Yangon residents said even the price of tickets at cinemas,
where American, Myanmarese and some Hindi and Chinese films are
shown, had risen by about 20 percent.
Analysts said inflation was aggravated by a government move in
April to allow civil servants to take out loans of up to 10 times
their salaries at low interest.
"Civil servants with fixed salaries are the worst hit by the
inflation in major cities as are the poor working class with low
salaries. Private businessmen do well," said a diplomat.
Despite the economic hardships, Myanmarese people are
resilient and tolerant. But analysts said the SLORC needed to
curb price increases or face the prospect of protests.
A senior member of the SLORC, Lieutenant General Kyaw Ba, told
Reuters that the government wanted to control rising prices and
would act to stop greedy traders from exploiting the situation.
"We want to control (prices). Some traders are taking
advantage of the situation. We must make them understand they
must not be too greedy and take advantage of the people," he
said.
The value of the kyat has slipped further in recent months
because of the rising dollar abroad and greater domestic demand
for the American unit to finance fast growing imports, analysts
said. A year ago the exchange rate was 115 kyats to the dollar.

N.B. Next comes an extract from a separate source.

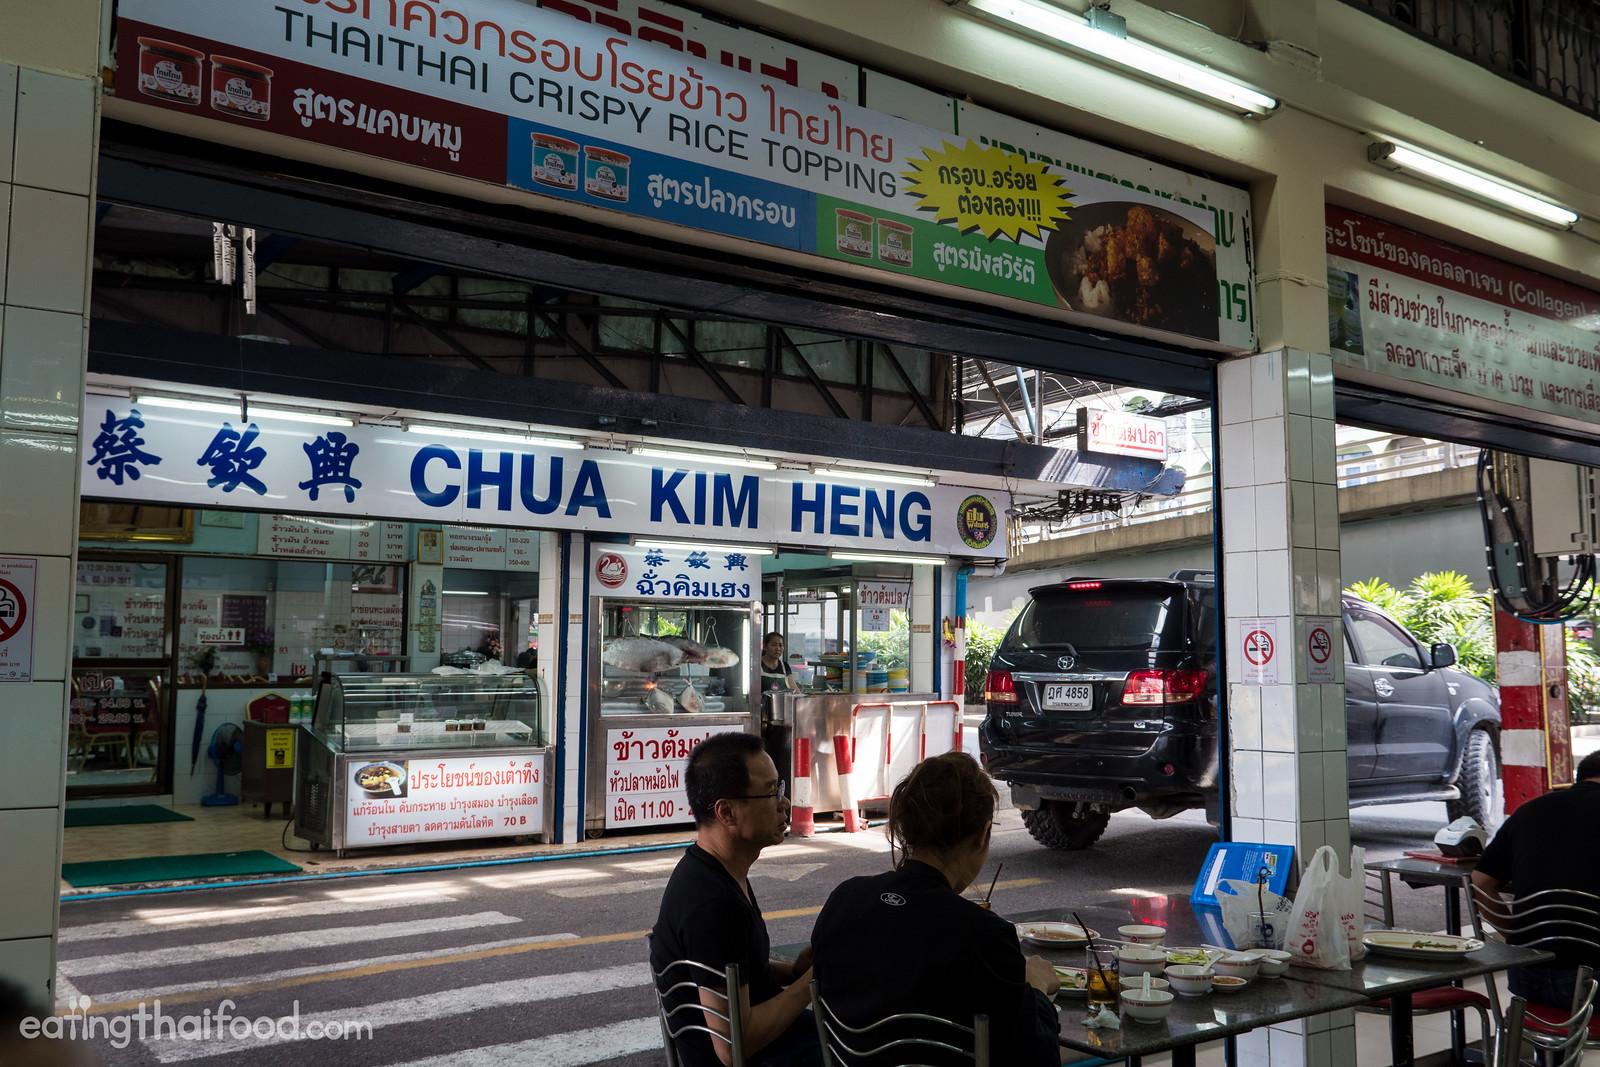 Chua Kim Heng (ร้านฉั่วคิมเฮง)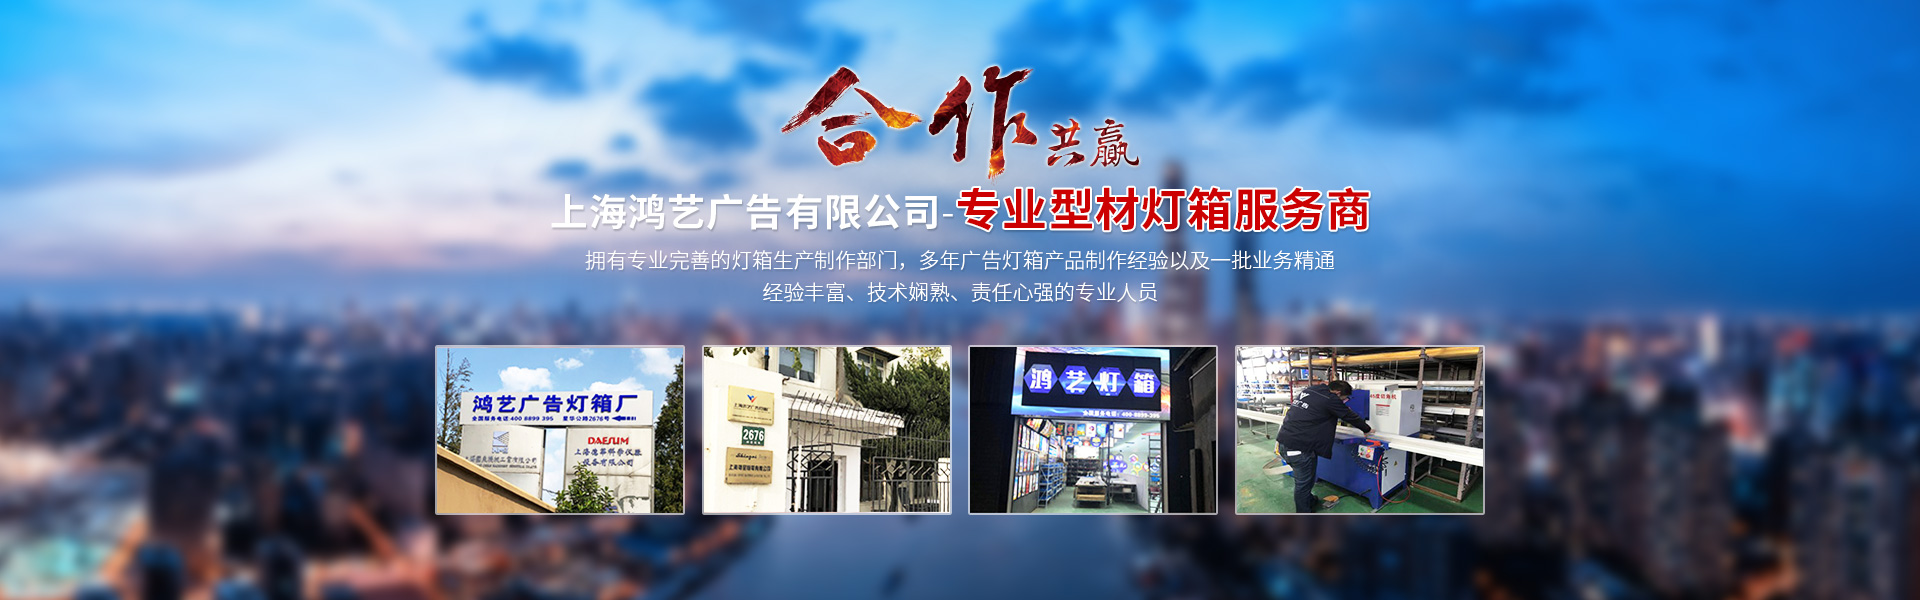 上海鸿艺广告有限公司

Heavy imports of cars as well as hotel and service industry
items to equip about $1.0 billion worth of hotel projects from
neighboring countries like Singapore caused the port congestion,
the analysts said.
To supplement the overworked Yangon port, a new one at nearby
Thilawa industrial zone is being built by foreign investors.
Traffic jams have made car travel in once free-flowing Yangon
difficult, but Myanmar has vowed not to become another Bangkok,
infamous for its traffic-clogged streets.
"We have to limit the importing of cars. We don't want to be
like Thailand. More roads and underpasses for car movement are
being built to beat the traffic," minister Kyaw Ba said.